Die Sonne ging an diesem Morgen heller und klarer auf als seit Monaten, durchdrang den Nebel und dann die schwarzen Vorhänge, die jedes staubige Fenster im Wohnzimmer bedeckten.

Aber Severus Snapes Geist war voller Dunkelheit.

Zu viel verdammter Nebel, dachte er.

So war es seit Monaten, der Atem der Dementoren vernebelte die Gedanken, Herzen und Visionen von Millionen von Menschen in ganz Großbritannien.

Als ob dieser Artikel im Tagespropheten nicht schon genug Panik ausgelöst hätte.
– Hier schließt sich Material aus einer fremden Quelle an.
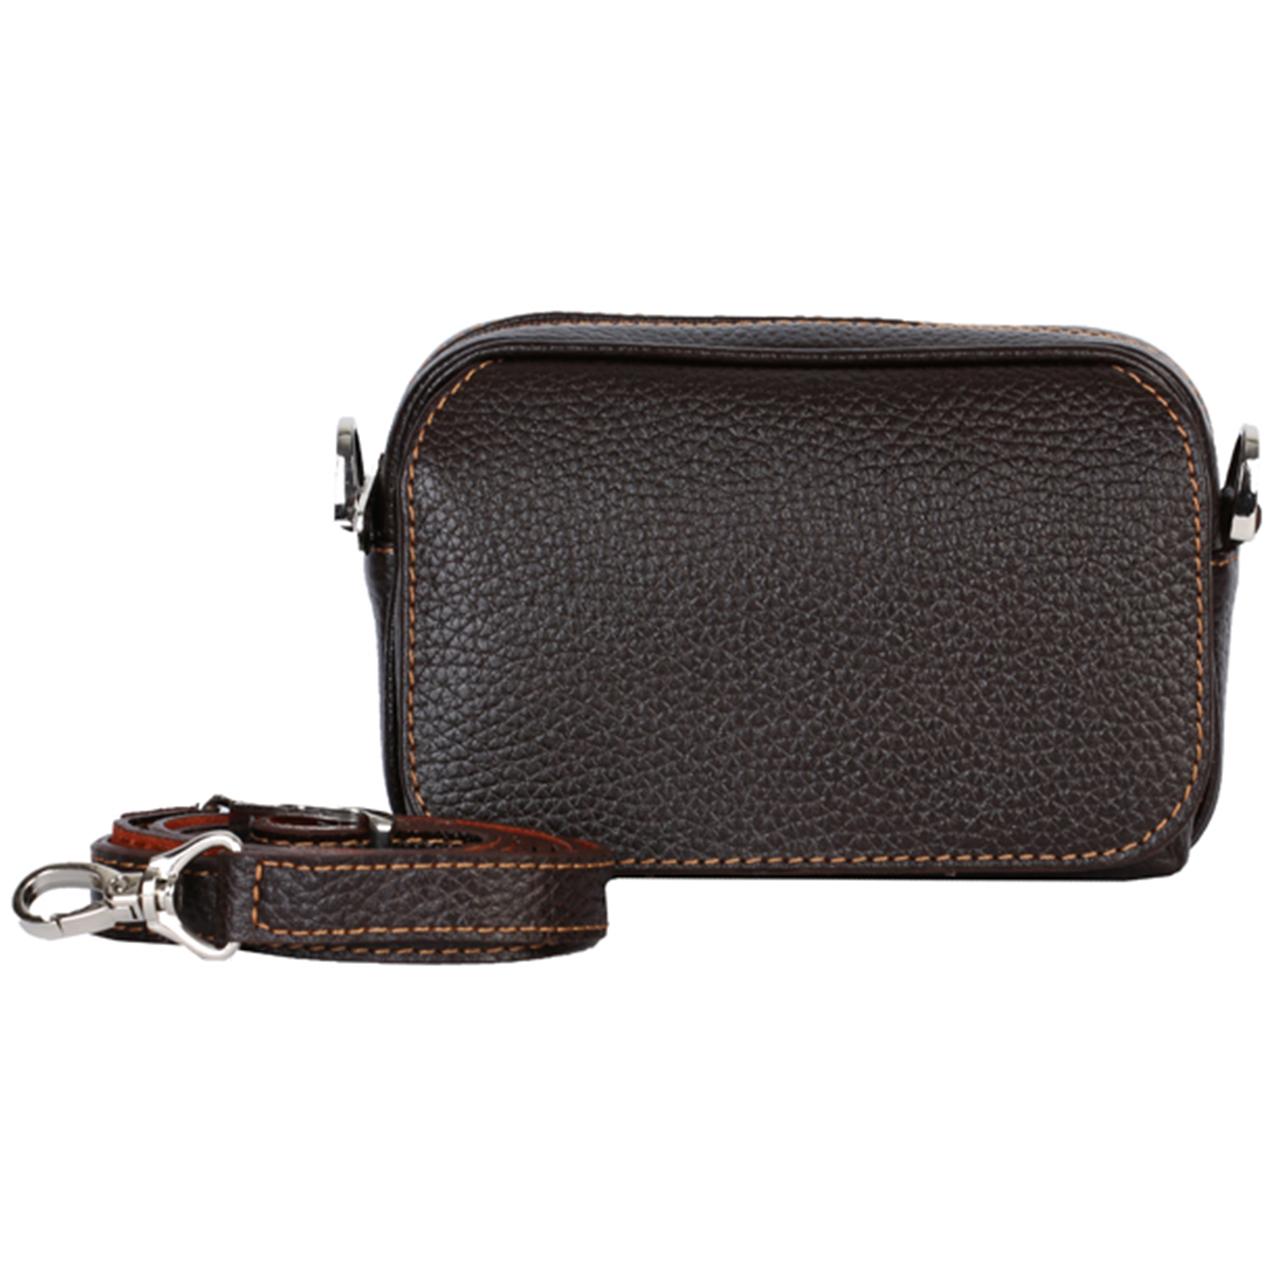 کیف دوشی رویال چرم کدW60-DarkBrown

Von draußen, weit entfernt, war ein leises Knacken zu hören.

Dann ein anderer.

Wenigstens sind die Armen pünktlich.

Als Snape aufstand, um den Wasserkocher abzustellen, drang ein anderes Geräusch an seine Ohren, diesmal der Schrei eines Tieres.

Dann schob er hastig die rostige Teekanne über die Flamme.
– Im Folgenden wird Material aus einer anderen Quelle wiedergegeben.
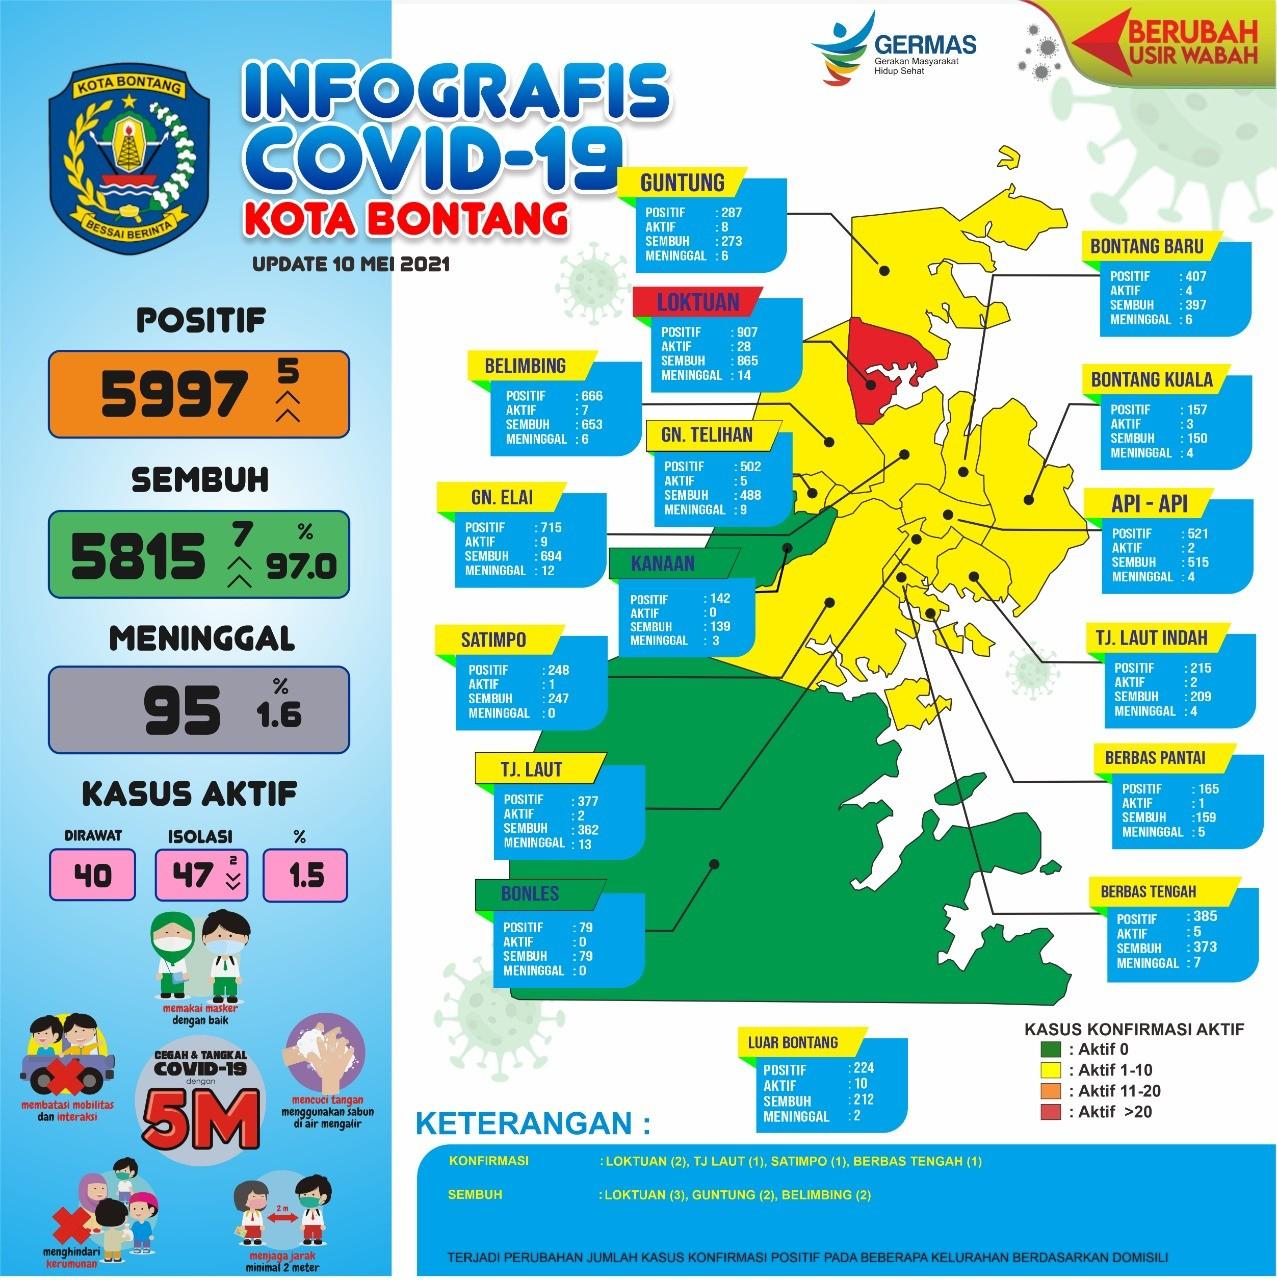 Update ! Covid-19 di Bontang 10 Mei 2021, Sisa 40 Pasien Positif di Rawat

Wenn sie anfangen zu töten, können sie mindestens eine Minute warten.

Als er aus dem Küchenfenster schaute, beobachtete Snape zwei dunkle, schlanke Gestalten, die sich durch das unglückliche Durcheinander von Backsteinhäusern schlängelten.

Spinner’s End war kein guter Ort zum Wandern und Snape mochte es so.

Natürlich würden diese beiden ihn unversehrt finden, aber schwächere Feinde würden ihn niemals erreichen.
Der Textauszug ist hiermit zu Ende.